▸ What is required
Taking only the lines of the data below from the line with "welding safety training for the employee.jpg" to the line with "Happy Holidays Card", ends included, write them out exactly and without pictures.

▸ Records to use
+ + +

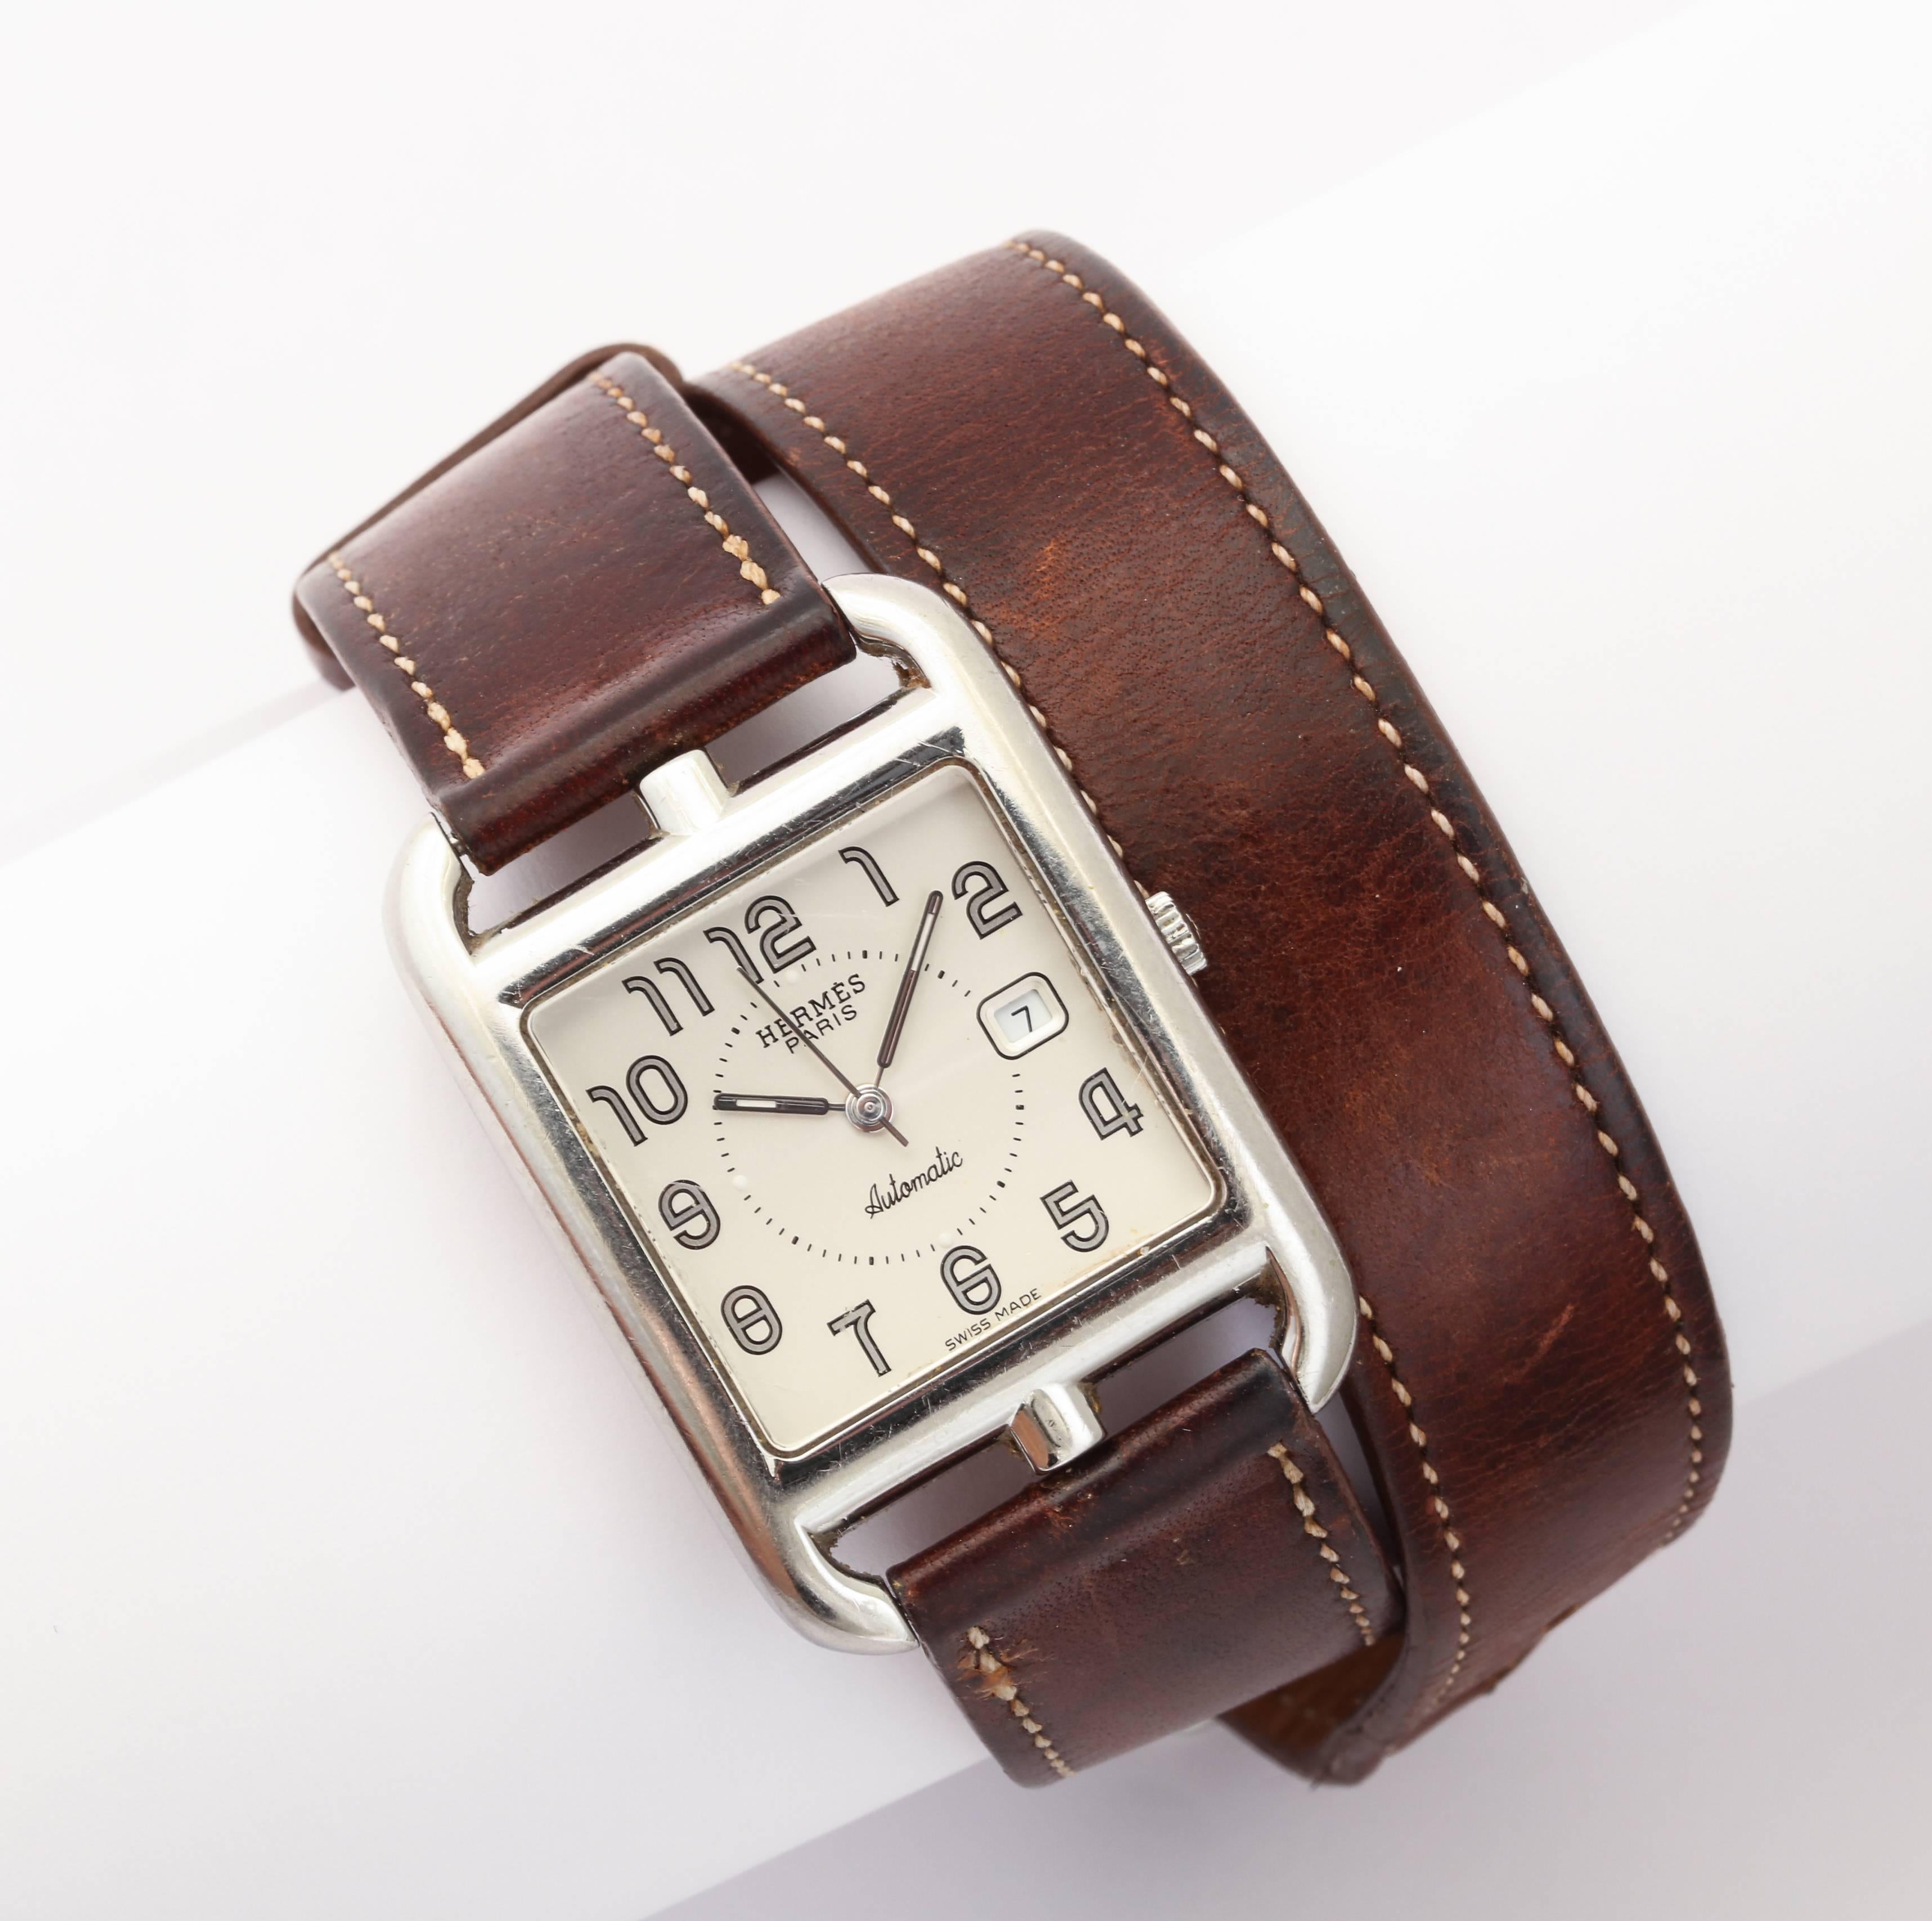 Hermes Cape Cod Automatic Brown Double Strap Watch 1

+ + +

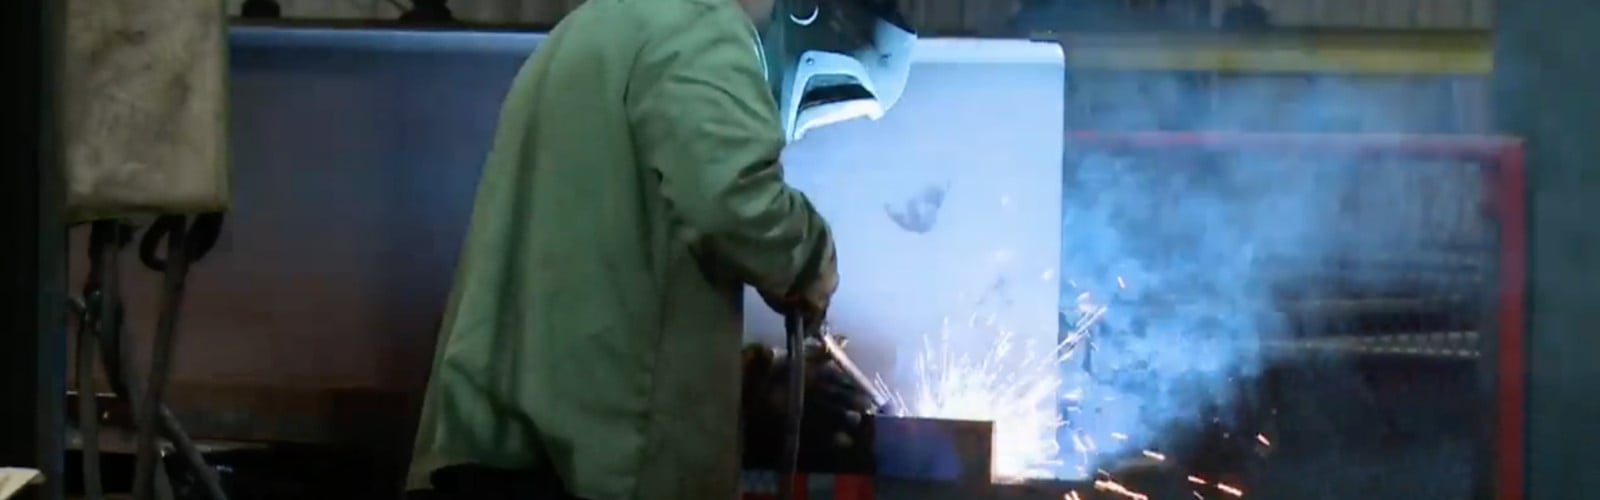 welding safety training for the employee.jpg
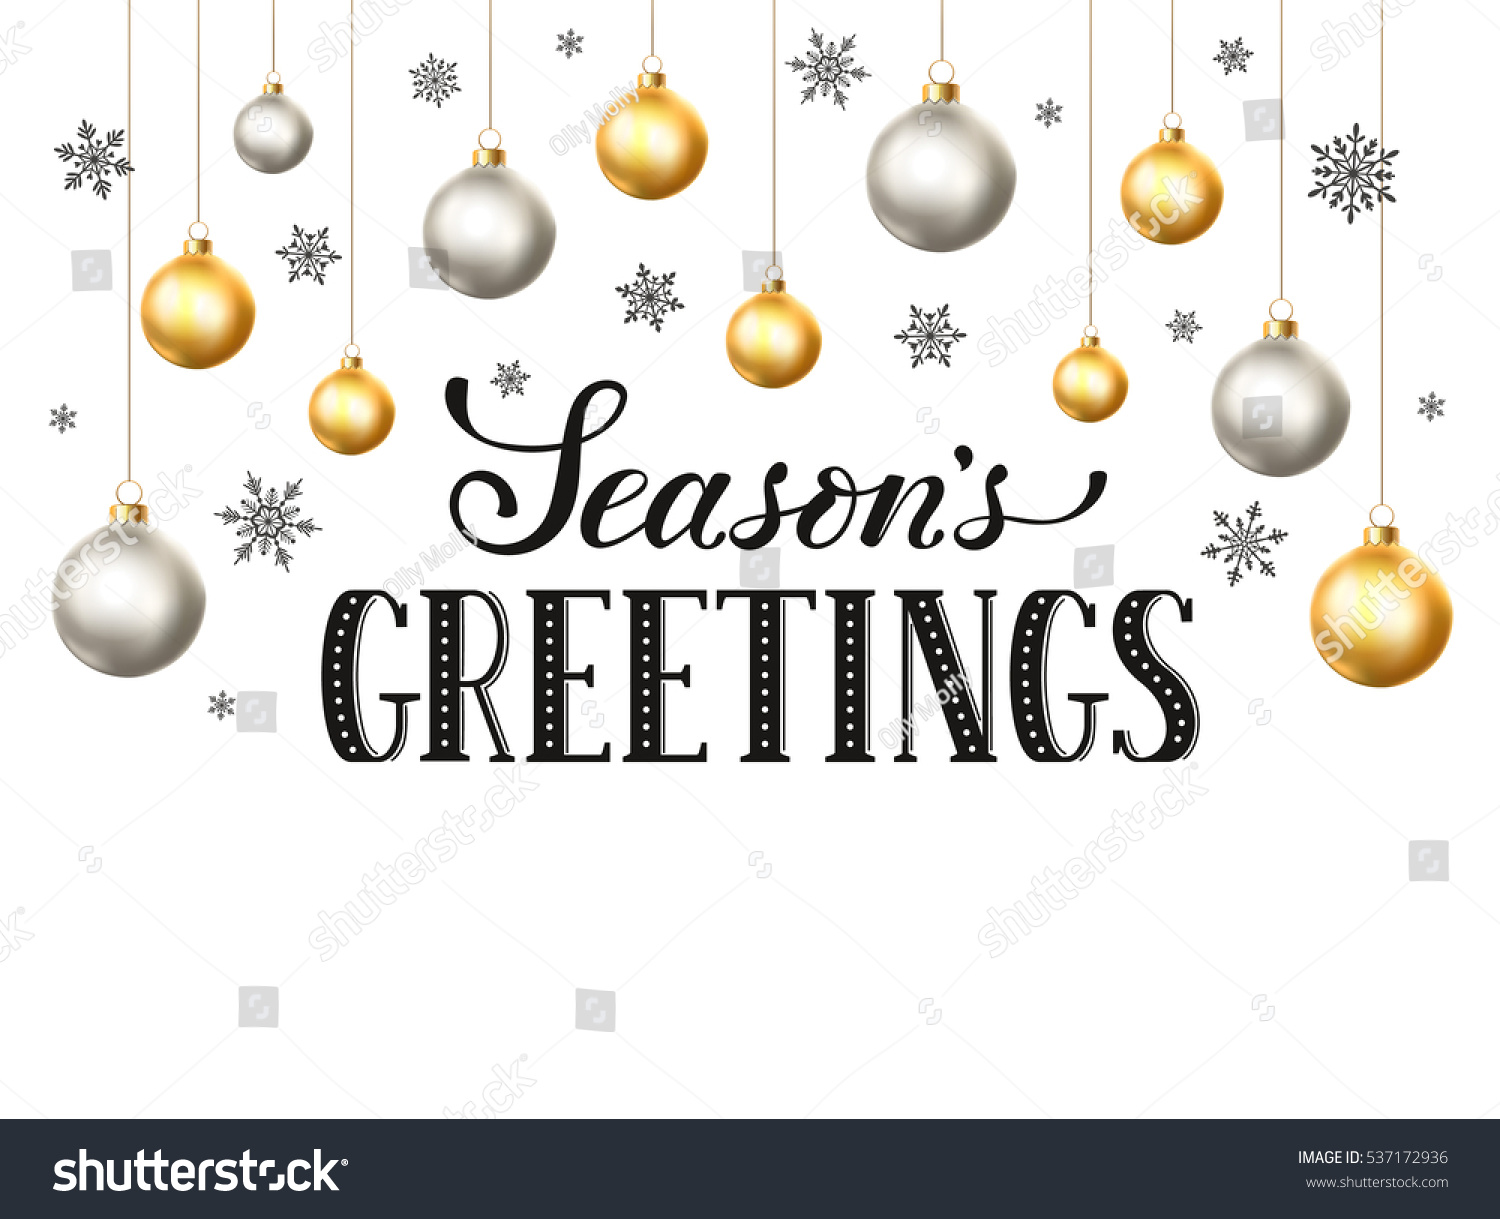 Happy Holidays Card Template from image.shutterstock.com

+ + +

▸ Your solution
 welding safety training for the employee.jpg
 Happy Holidays Card Template from image.shutterstock.com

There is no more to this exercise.